● INPUT DATA
•••••
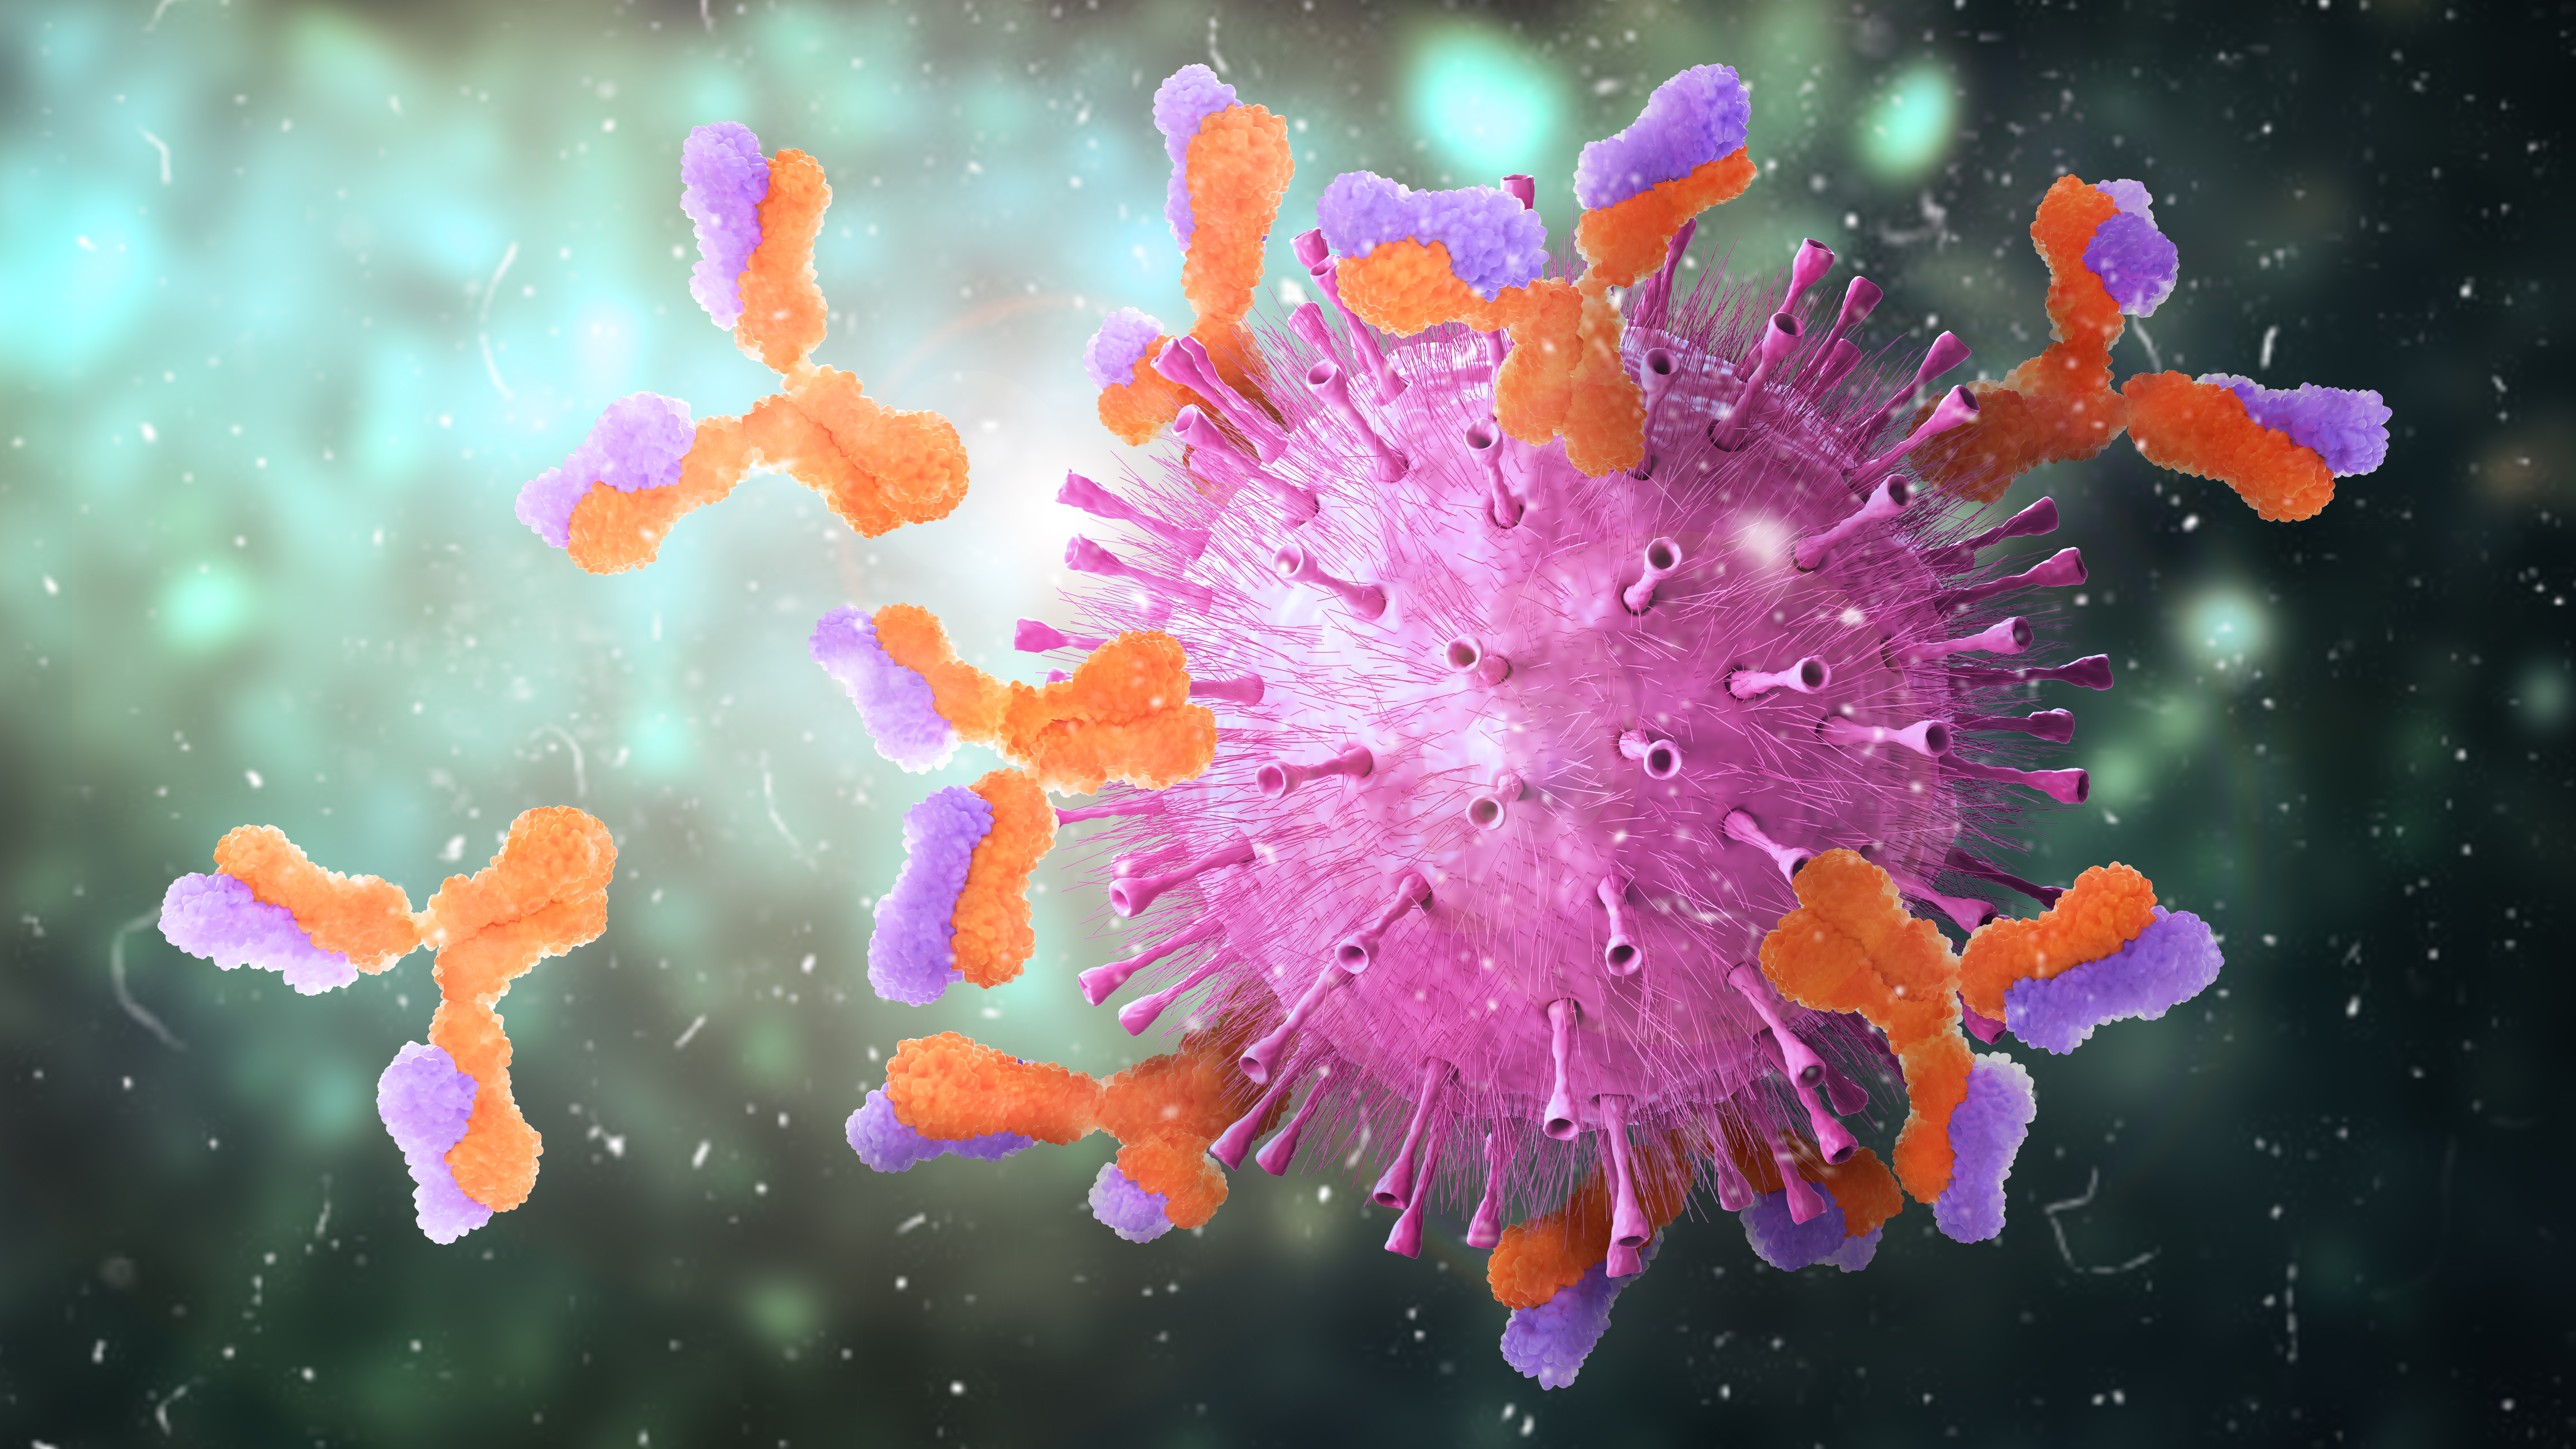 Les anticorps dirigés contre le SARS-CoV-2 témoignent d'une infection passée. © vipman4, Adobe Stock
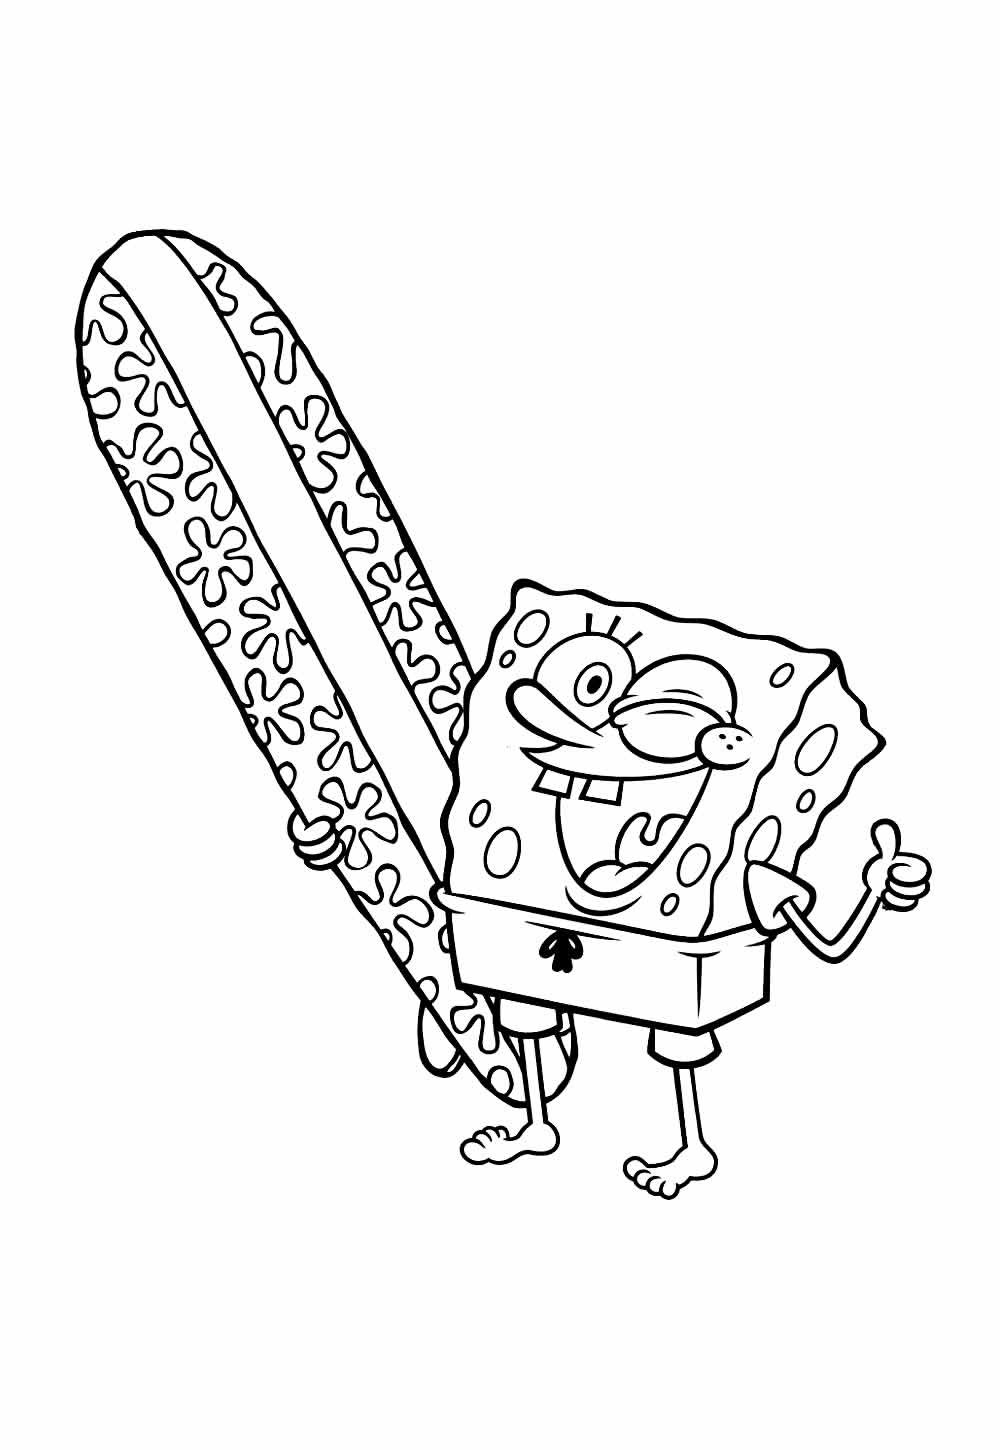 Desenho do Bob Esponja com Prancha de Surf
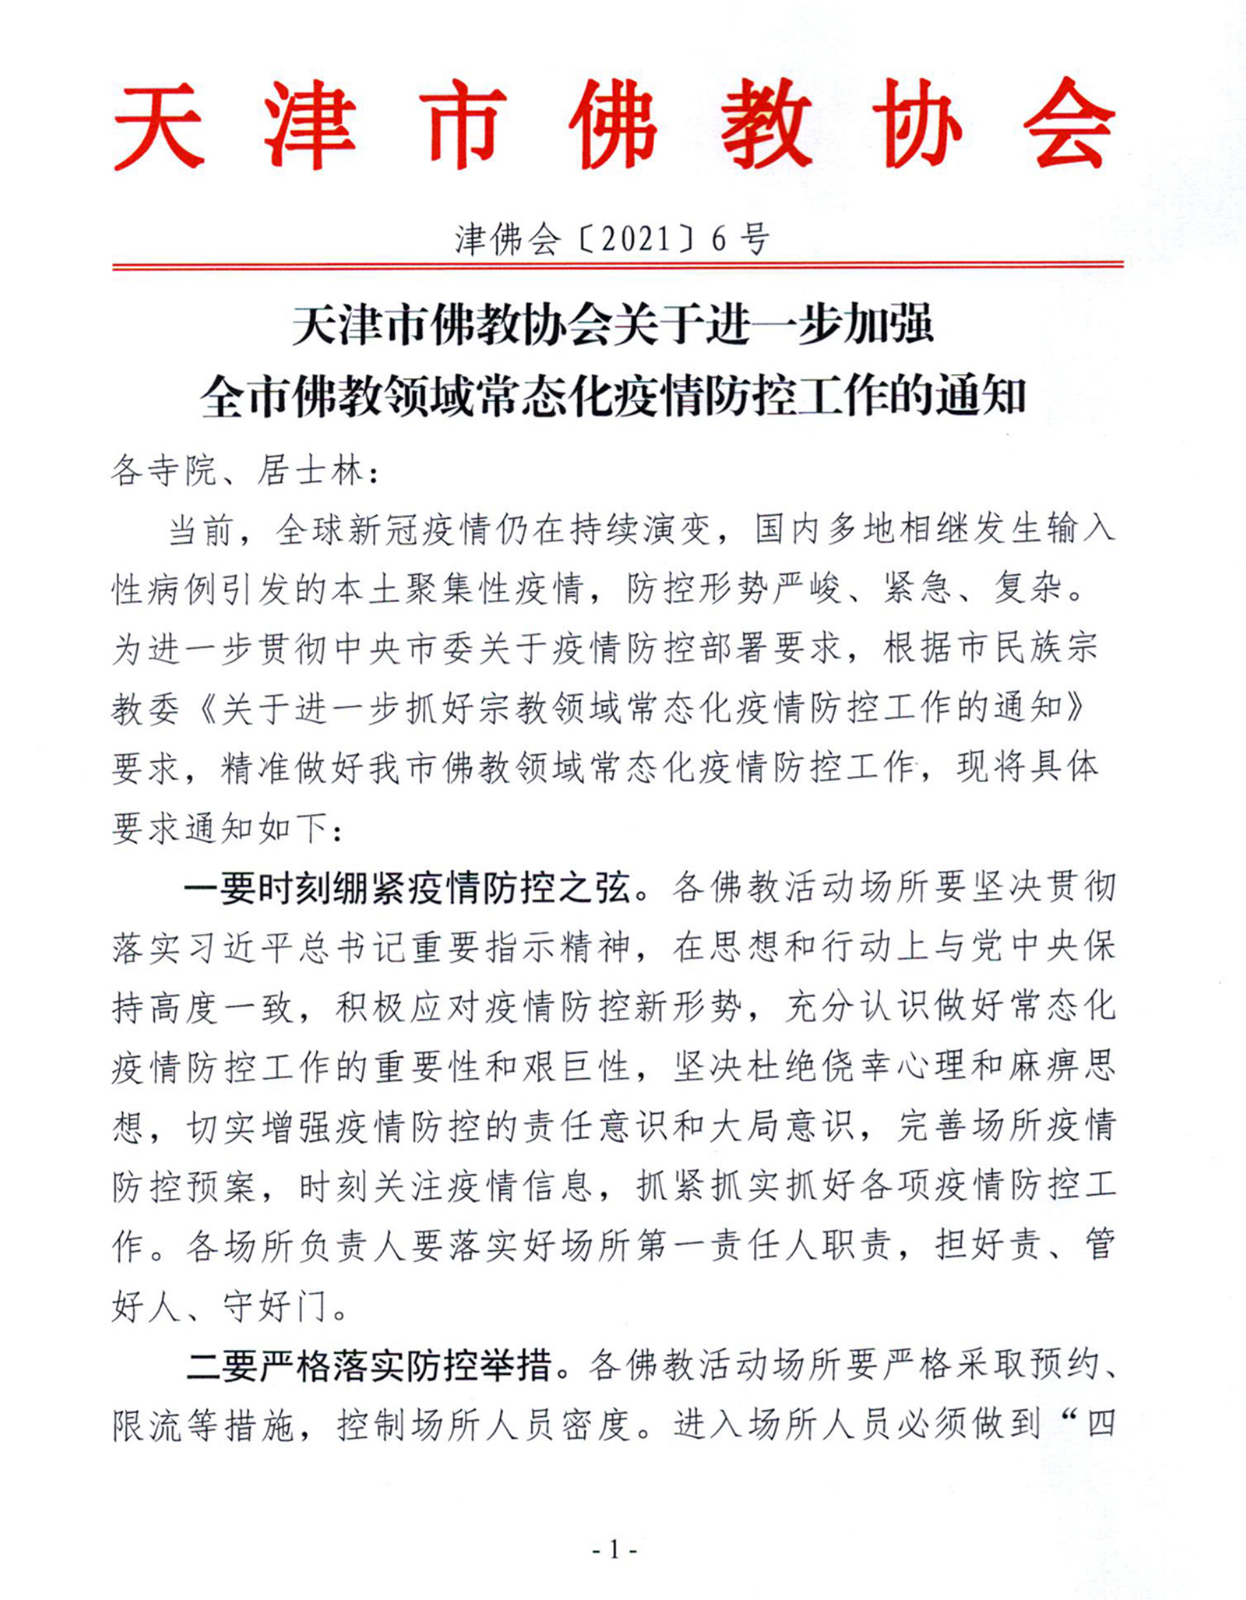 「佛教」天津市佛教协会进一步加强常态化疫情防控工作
•••••
● THE TASK
Give the listing above again word for word, without its pictures.

● YOUR SOLUTION
 Les anticorps dirigés contre le SARS-CoV-2 témoignent d'une infection passée. © vipman4, Adobe Stock
 Desenho do Bob Esponja com Prancha de Surf
 「佛教」天津市佛教协会进一步加强常态化疫情防控工作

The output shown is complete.